Basic audio-related knowledge

Source: Internet
Author: User
Tags value of pi what bit

Recent projects need to deal with audio, so the online collection of some basic audio-related knowledge, organized as follows

The sound in nature is very complex, the waveform is extremely complex, usually we use pulse Code code modulation code, namely PCM coding. PCM encoding converts a continuously varying analog signal to a digital signal by sampling, quantization, and encoding three steps

Sampling (sample)

Digital audio system is a The waveform is converted into a series of binary data to reproduce the original sound (the original sound is an analog signal), The device used to implement this step is a modulo/number converter (A /d converter, or ADC, or analog to digital convert). is called a sample. A series of samples are connected, you can describe a sound wave, the number of samples per second is called sampling frequency or yield, in Hz (Hz). The higher the sampling frequency, the higher the acoustic frequency can be described. The sampling rate determines the range of the sound frequency (equivalent to the pitch) and can be represented by a digital waveform. The frequency range represented by a waveform is often referred to as bandwidth. To correctly understand audio sampling can be divided into the number of bits sampled and the frequency of sampling.

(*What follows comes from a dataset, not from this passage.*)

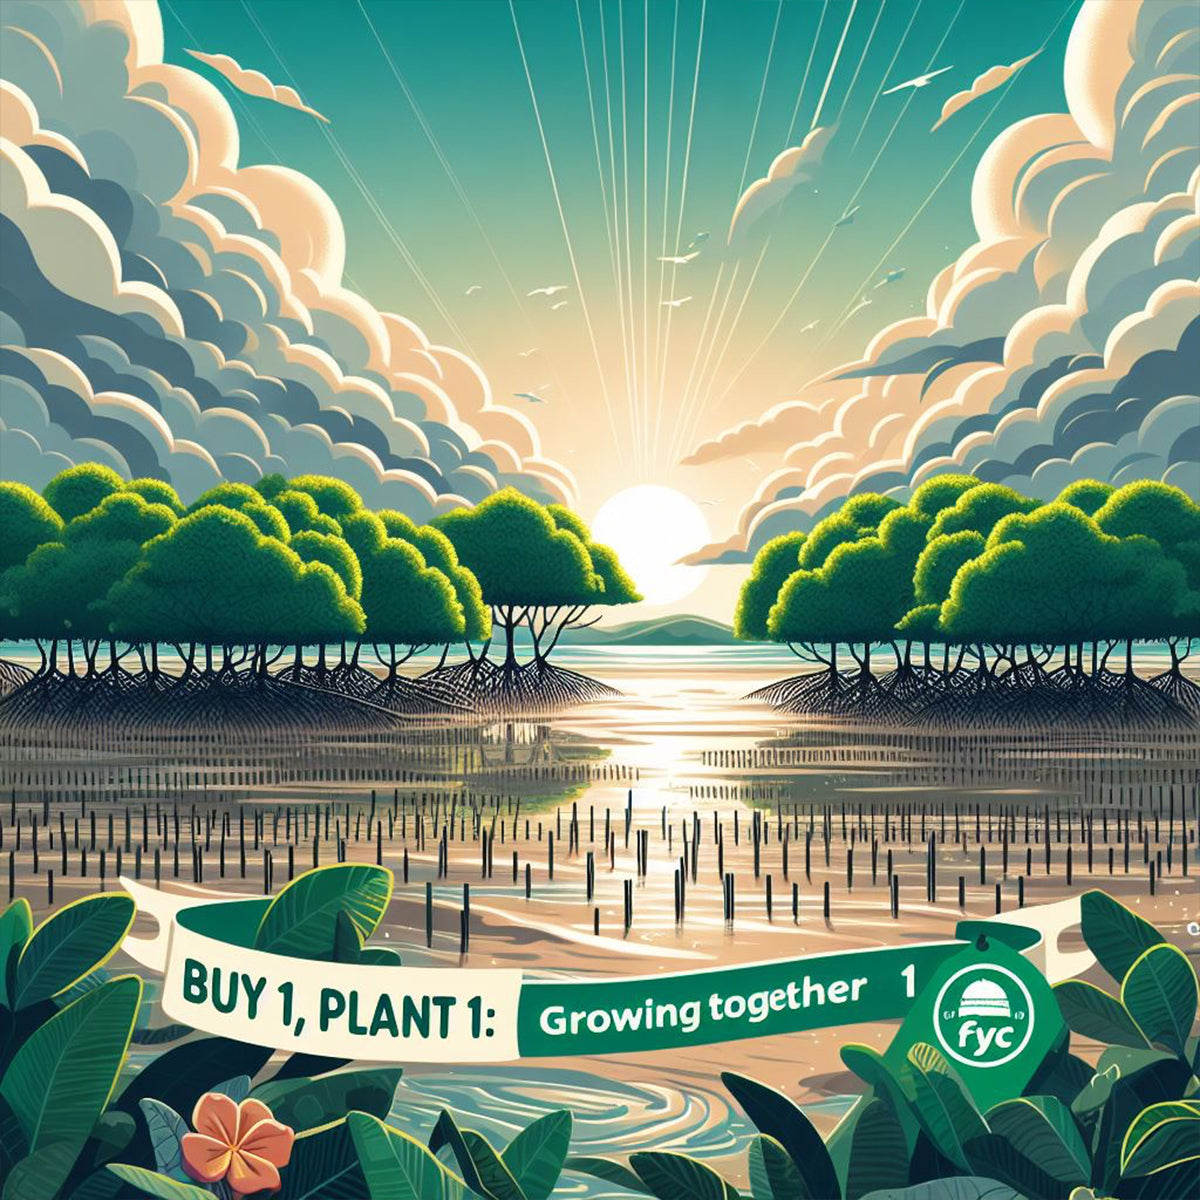 Find Your Coast Buy 1 Plant 1

sample bits ( sampling accuracy )

The sound files in the computer are represented by the numbers 0 and one. So the essence of recording on a computer is to convert analog sound signals into digital signals. Conversely, the digital signal is restored to the analog sound signal output when playing. the number of sample bits can be understood as the resolution of the Acquisition card processing sound. The higher the value, the higher the resolution, and the more realistic the recording and playback sounds. the bit of the acquisition card refers to the number of bits of the digital sound signal used by the acquisition card when collecting and playing the sound file. The bit of the acquisition card objectively reflects the accuracy of the digital sound signal to the input sound signal description. The 8-bit representation of 2 of the 8-square---256,16 bit represents 2 of the 16-square--64k.

Sample rates (sample rate)

sampling frequency refers to the number of times a recording device samples a sound signal in a second, and the higher the frequency of the sound, the more realistic it is to restore it. In today's mainstream capture card, the sampling frequency is generally divided into 22.05KHz, 44.1KHz (44100Hz), 48KHz three levels, 22.05 khz can only achieve FM broadcast sound quality, 44.1KHz is the theoretical CD quality limits, 48KHz is more accurate. For sampling frequencies above 48KHz The human ear cannot be identified, so there is not much value on the computer.
5khz sample rate can only be achieved The sound quality of people's speech. &NBSP,
The 11kHz sample rate is the lowest standard for playing small segments of sound, and is One-fourth of the CD quality. &NBSP,
22kHz sample rate of sound can reach half the CD quality, most of the current Web sites have chosen such sampling rate. &NBSP,
The 44kHz sample rate is the standard CD sound quality, which can achieve very good hearing effects.  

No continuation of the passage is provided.